I came home from shopping at the local health food store. When I walked in the house I noticed the painting that is usually above my stove was now on my kitchen counter. This particular painting is one of my father’s later works’ of art. And also one of my favorites.
My father died two weeks ago yesterday. My first thought when I saw the painting was that my son, Michael had taken it down in the hopes of being able to bring it home with him when he left for the day. He’d been here watching Mark, so I could go to the store. I was ready to tell him he could forget that idea. There was no way I would part with that painting.
But when I asked him why the painting was on the counter; he told me that he’d found it on the floor when he’d come in from the barn.
That’s when I knew my Dad had sent me a sign. There is no way that the picture could have fallen on its own. Even if one of my cats had walked up there and had knocked it over(which neither one did because they were both outside) there would have been a lot more items to come down with it. Nothing was disturbed other than the picture.
There have been other signs since he left as well. My nephew said at the time my dad passed, one of the pictures my dad had painted for him, fell off the wall, right in front of him.
At my father’s house, when he died, all the lights in my parents condo flickered and later we discovered that the neighbors heard a loud boom like a transformer going out, but no one lost power not even for a second.
The electrician that came the next day to fix the power box in the garage told us that he has seen this happen time after time when someone dies.

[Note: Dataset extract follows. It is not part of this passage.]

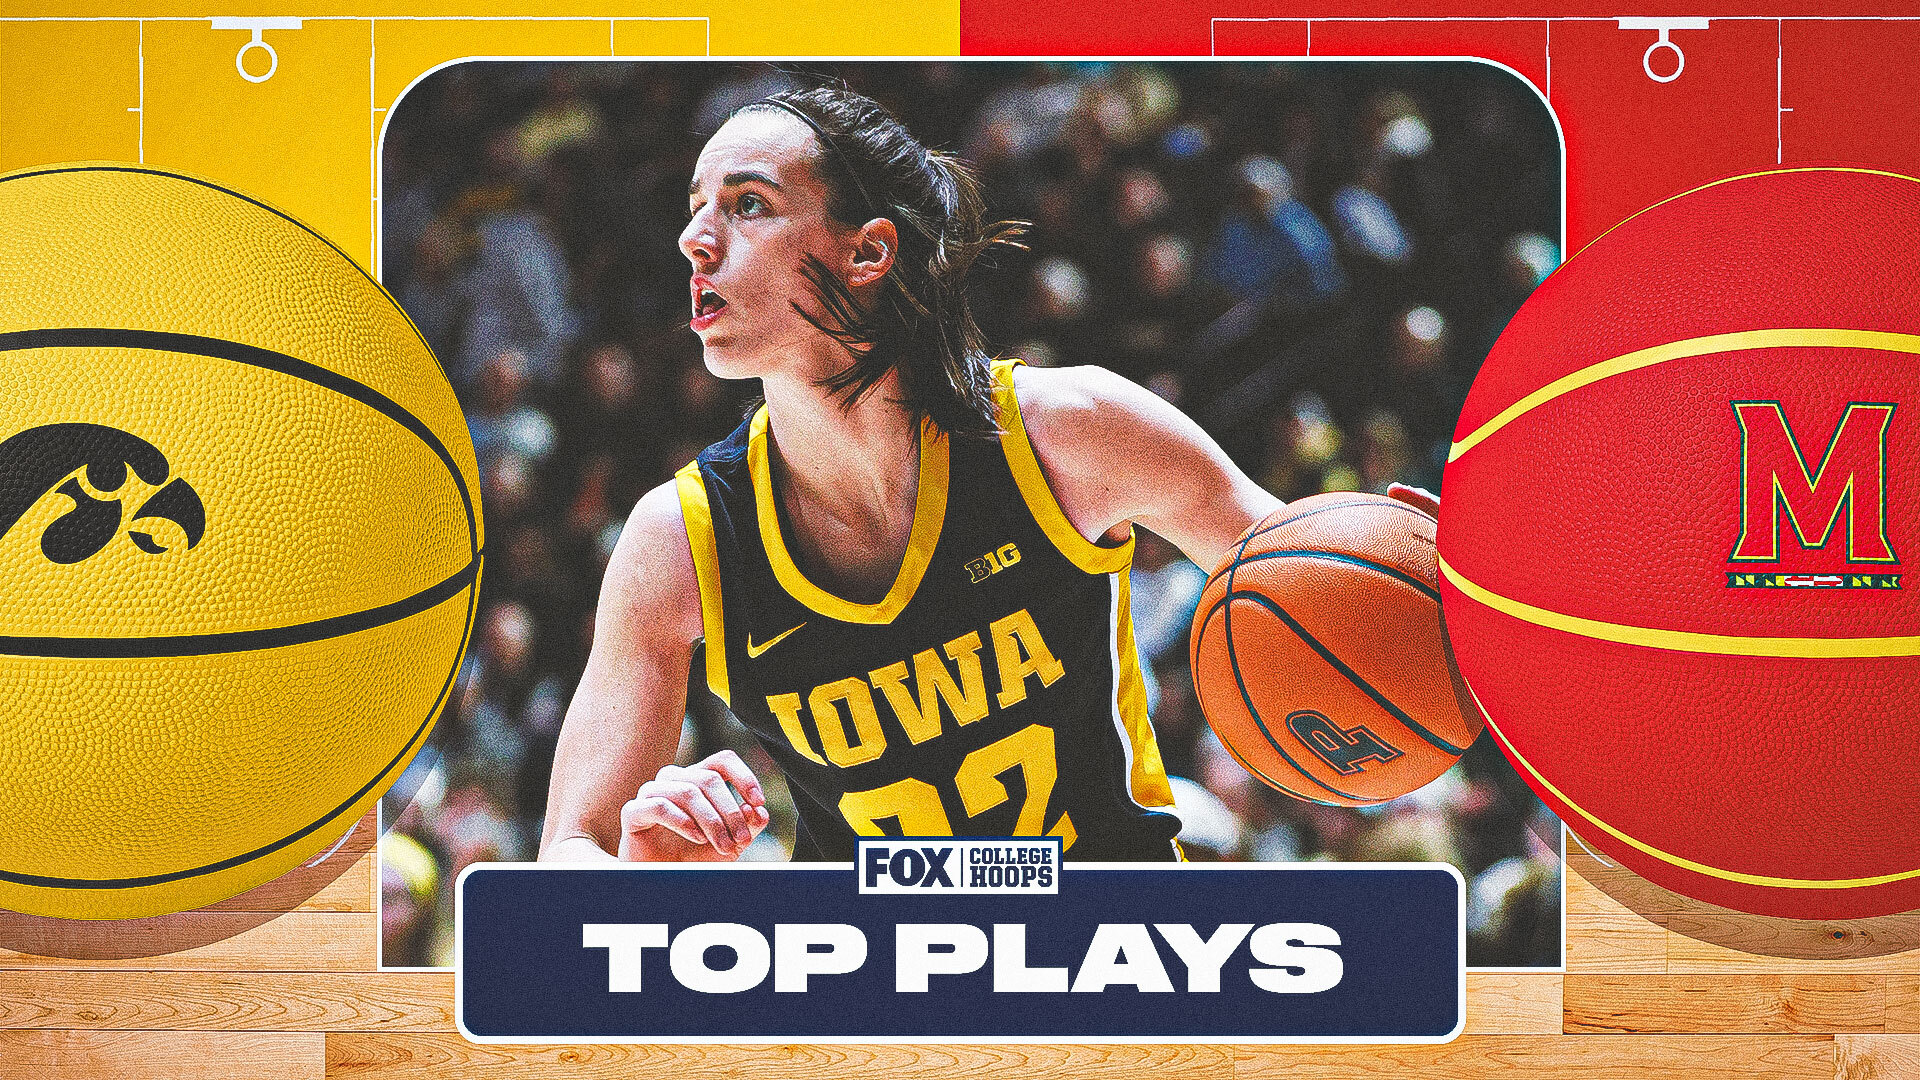 Iowa vs. Maryland highlights: Caitlin Clark scores 38, leads Hawkeyes to win

My mom keeps seeing a shadow floating by her.
My dad was bigger than life when he was here and it appears that he is still a force to be reckoned with.
All I know is that when I realized that he was here………I smiled and said….”Hi Dad.”
This past weekend was like taking an emotional roller coaster ride….crying one minute, laughing the next…up and down and around and around….lets see how far we can take this ride.
We will….. all the way to the end.
Friday evening Frank and I went to see my Dad and Mom. I had not seen my father in a week. The changes were undeniable…he is in a downward spiral. But his spirit is strong and humor in tack. He was disorientated at first and then fell into a choking fit; trying to cough up the fluid built up in his throat. Knowing that I’m sensitive to certain aspects of the bodily functions -he informed me to get my ‘a…’ out of the house until the situation had passed. I laughed and hung in there.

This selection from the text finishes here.